Se il carattere urgente di questioni in cui il diritto penale si intreccia con la cronaca, la politica e il costume rischia spesso di far perdere di vista il problema fondamentale relativo alla natura della pena, ne Il problema della pena. Alcuni profili relativi allo sviluppo della riflessione sulla pena Mauro Ronco contrasta questo rischio palese e conquista meritoriamente l’indispensabile tempus meditandi, il cui frutto — il suo studio — presenta nella Prefazione (pp. 1-2) come articolato in due parti, una analitica, per dimostrazioni culturali, e una sintetica, per tesi, e che dedica al proprio “Maestro di diritto penale”, il già citato professor Marcello Gallo.

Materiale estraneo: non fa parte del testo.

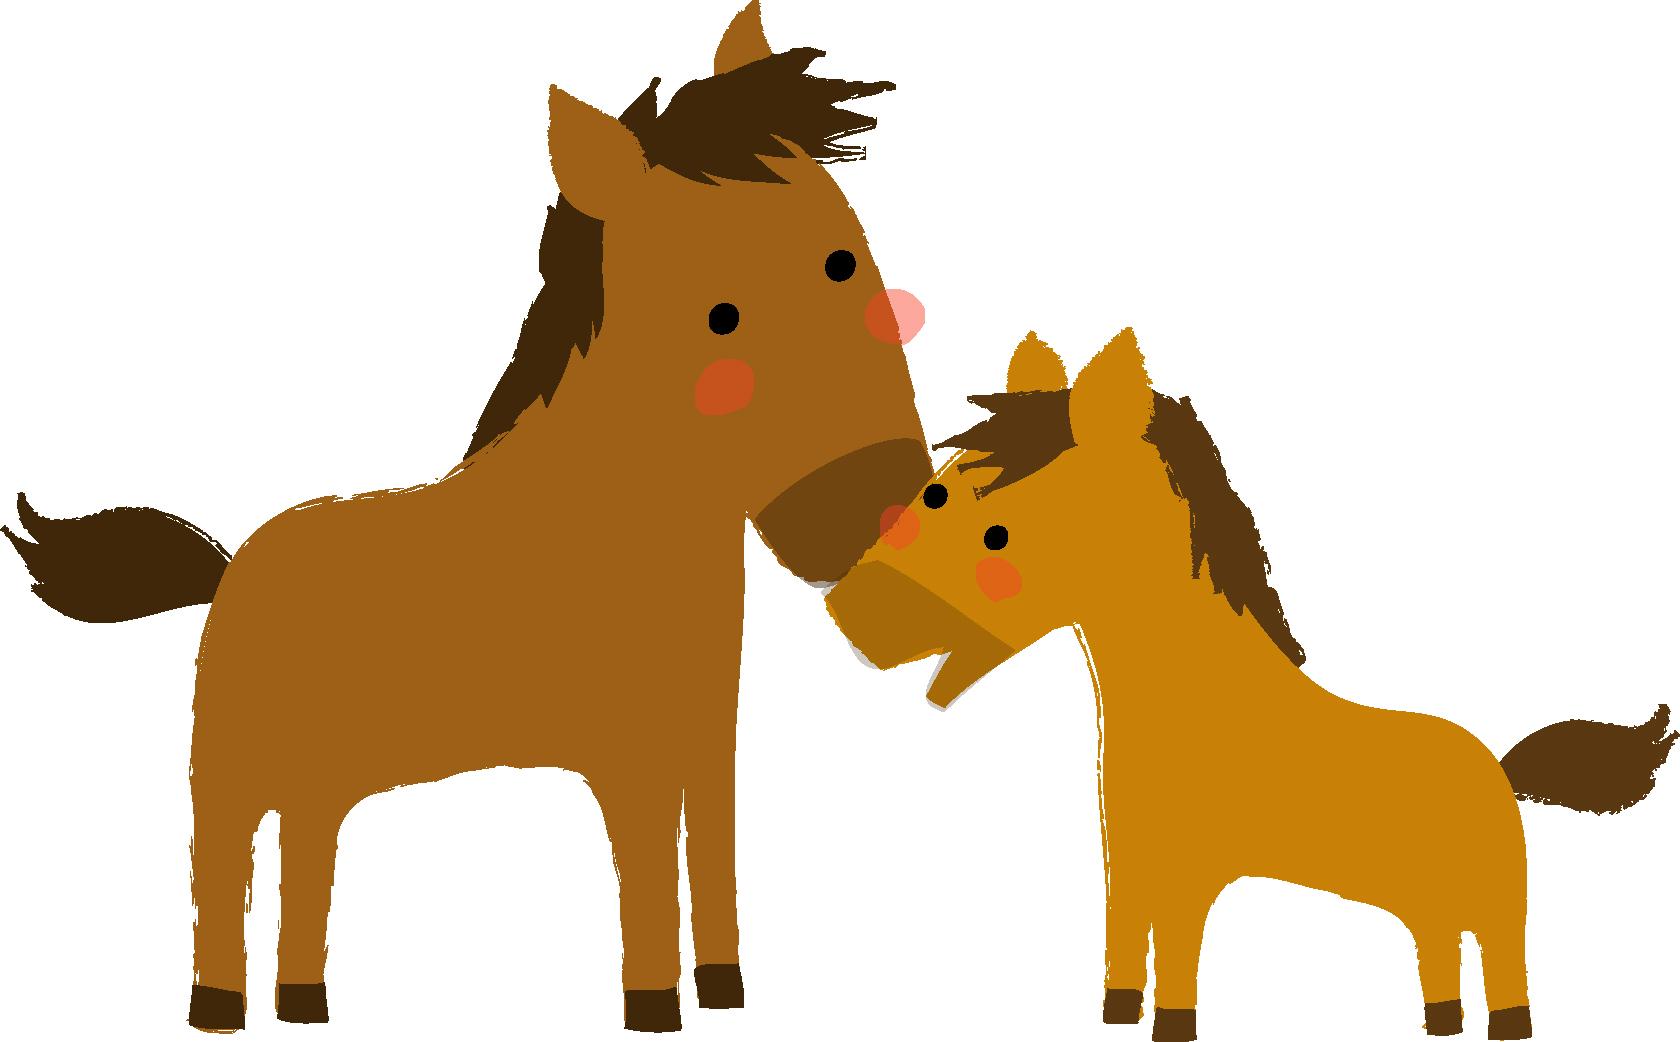 馬の親子」ダウンロード|かわいい無料イラスト 印刷素材

Quindi l’autore nota che la pena implica sempre un certo grado di sofferenza della persona umana che è punita: ragioni gravi devono quindi giustificare la sua erogazione. Per rispondere alla domanda sul significato della pena è possibile adottare due metodi: l’uno parte dalla ricognizione concreta della pena così come si presenta, mentre il secondo si chiede in astratto che cosa dovrebbe essere. Il fatto che la riflessione moderna sulla pena — a cui è dedicata la prima parte del volume, Ricognizioni storiche intorno ai modelli di pena (pp. 3-104) — abbia privilegiato in modo pressoché esclusivo il secondo accostamento è già un indizio della sua natura ideologica, “[…] intesa a fare dell’idea astratta e generale lo strumento per la destrutturazione e/o la ricostruzione dell’esistente storico” (p. 5). Il primo capitolo dell’opera — Alle origini del concetto di pena come “difesa” (pp. 5-20) — è principalmente dedicato a Thomas Hobbes, il cui pensiero si trova insieme alle origini dello Stato moderno e del cosiddetto “general-prevenzionismo”, che assegna alla pena una funzione di prevenzione generale del delitto, mentre il “prevenzionismo speciale” la ritiene piuttosto uno strumento per impedire la reiterazione di crimini da parte dello specifico reo. Il general-prevenzionismo, dominante proprio a partire da Hobbes, si oppone al retribuzionismo della filosofia classica e cristiana, che considerava piuttosto la pena come legittima punizione per il male compiuto dal reo. La teoria del diritto penale di Hobbes può essere riassunta in tre passaggi: la pena è un male; la merita chi trasgredisce una legge vigente, a prescindere da qualunque indagine che miri a stabilire se la legge sia o meno giusta; il suo scopo è “disporre […] la volontà degli uomini all’obbedienza” (p. 15). Alla radice di questa teoria sta l’idea dell’utilità: l’unica tendenza della persona che è presa in considerazione è quella ad esse, “[…] con la correlativa negazione della tendenza “ad bene esse”” (p. 18). Nella cultura del diritto può così fare irruzione il “principio della modernità, costituito dalla separazione radicale tra la sfera della moralità, della giuridicità e della politicità” (p. 19).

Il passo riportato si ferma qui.